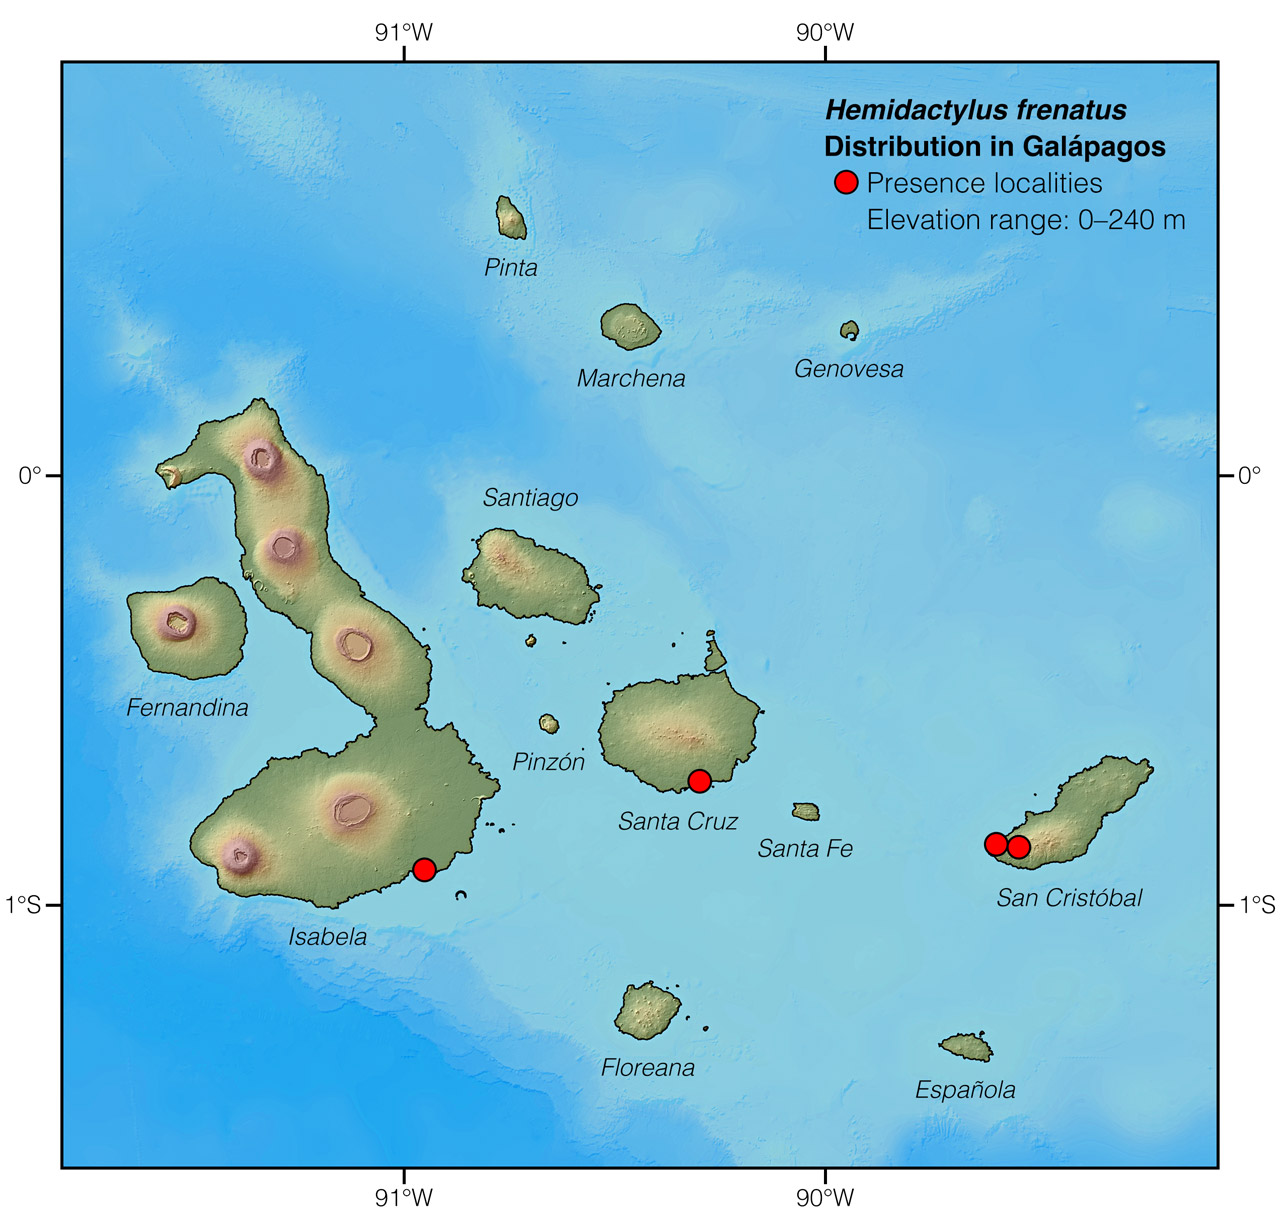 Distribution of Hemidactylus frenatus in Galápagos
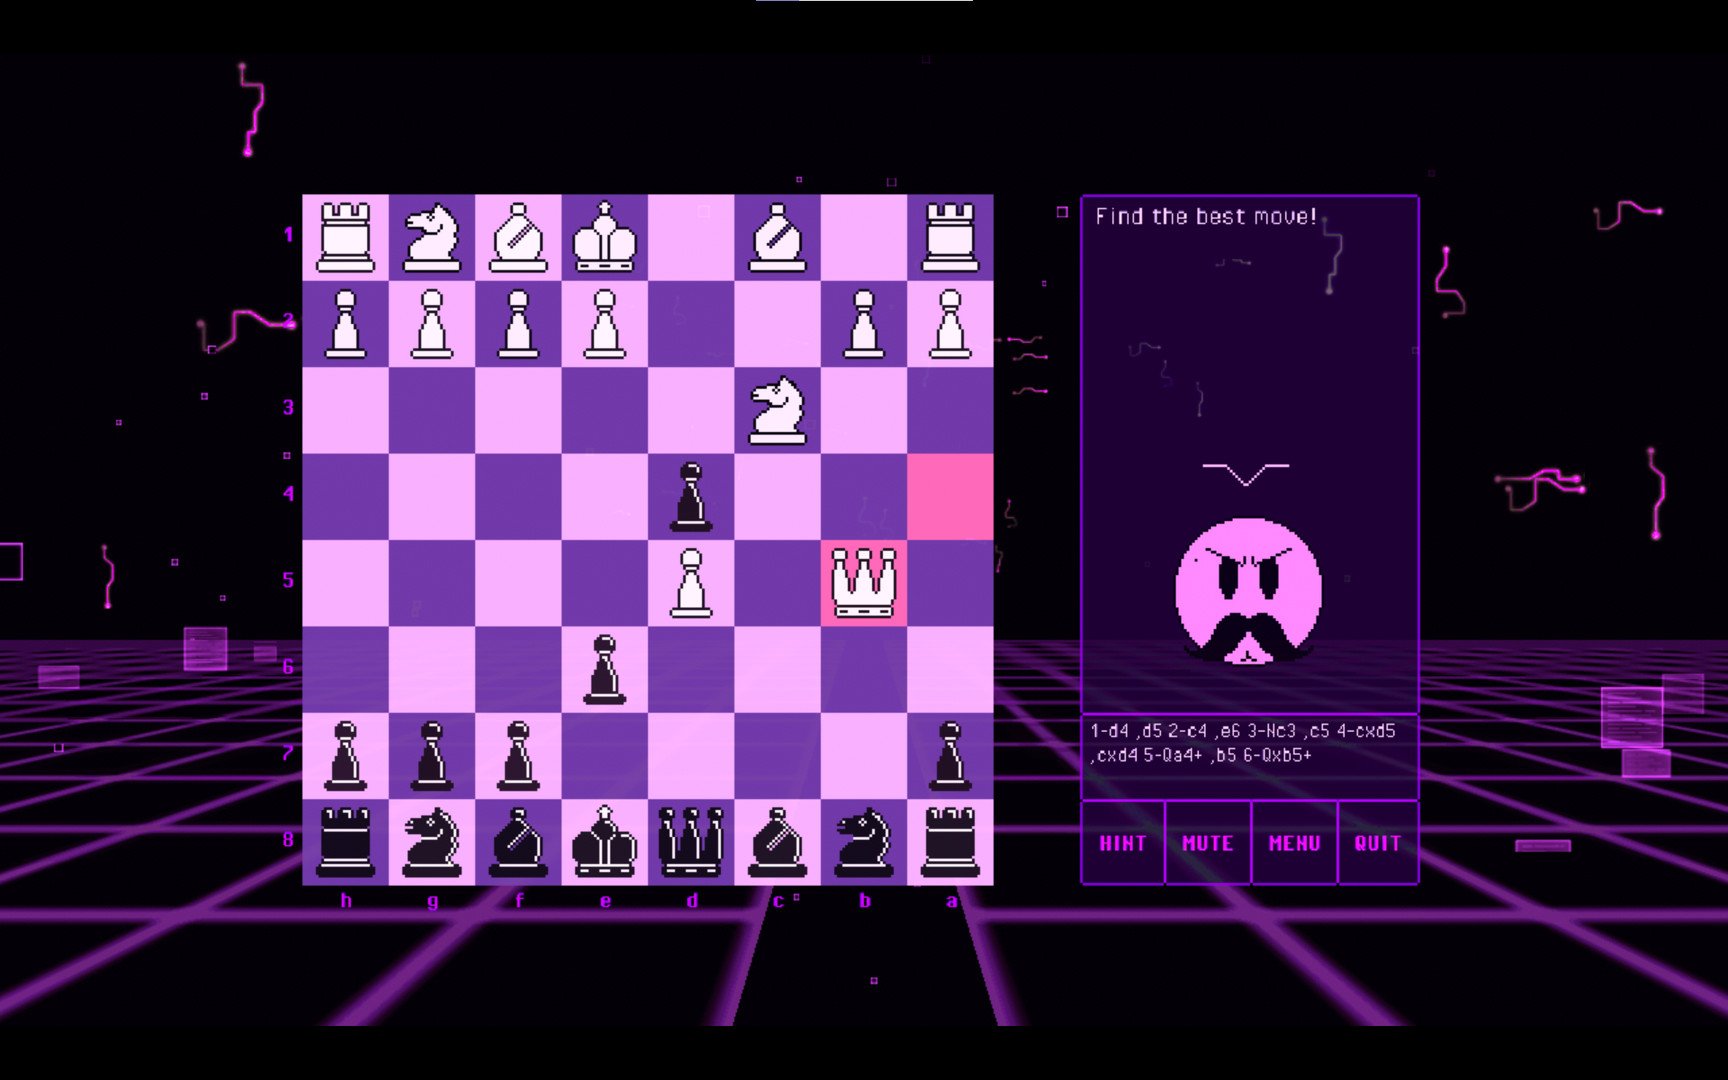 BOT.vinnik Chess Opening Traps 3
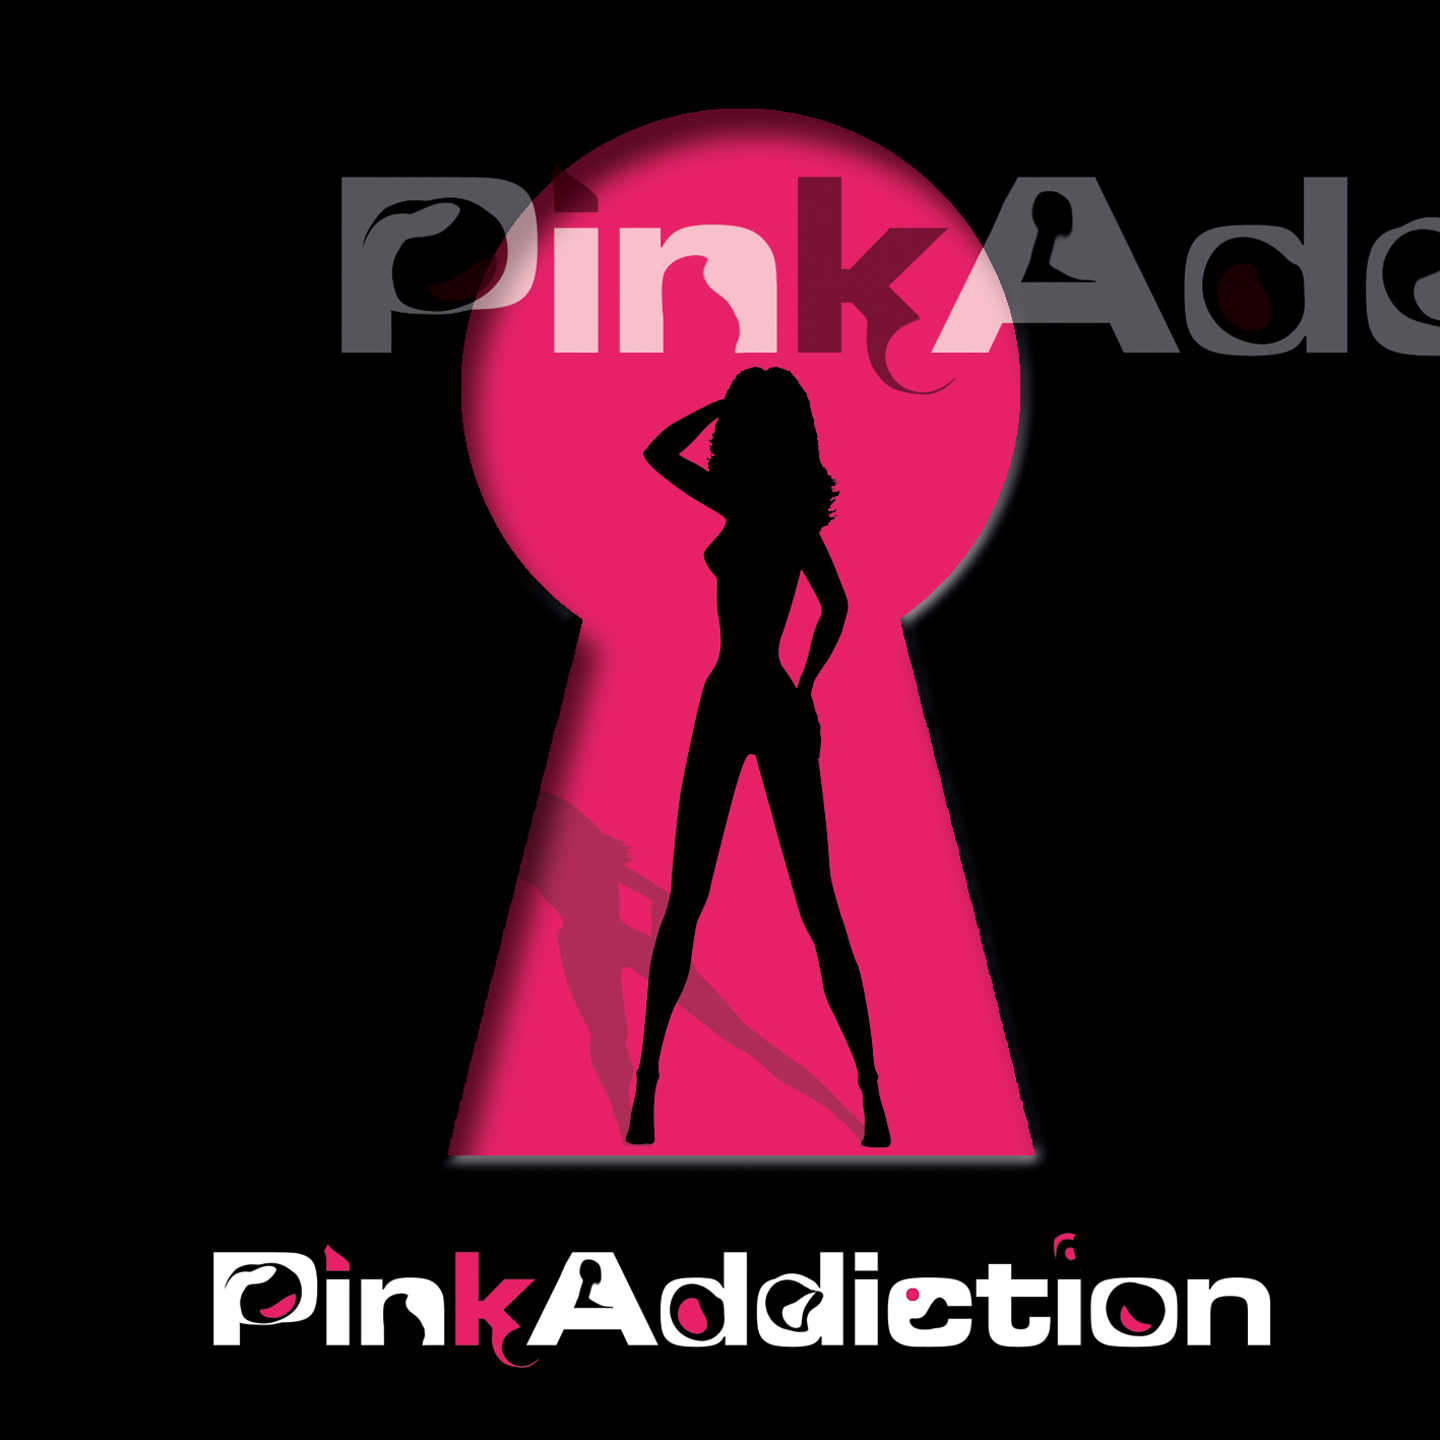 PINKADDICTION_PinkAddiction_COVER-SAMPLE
• • •
Work instruction:
Print the material above exactly, skipping its images.

Solution to this problem:
 Distribution of Hemidactylus frenatus in Galápagos
 BOT.vinnik Chess Opening Traps 3
 PINKADDICTION_PinkAddiction_COVER-SAMPLE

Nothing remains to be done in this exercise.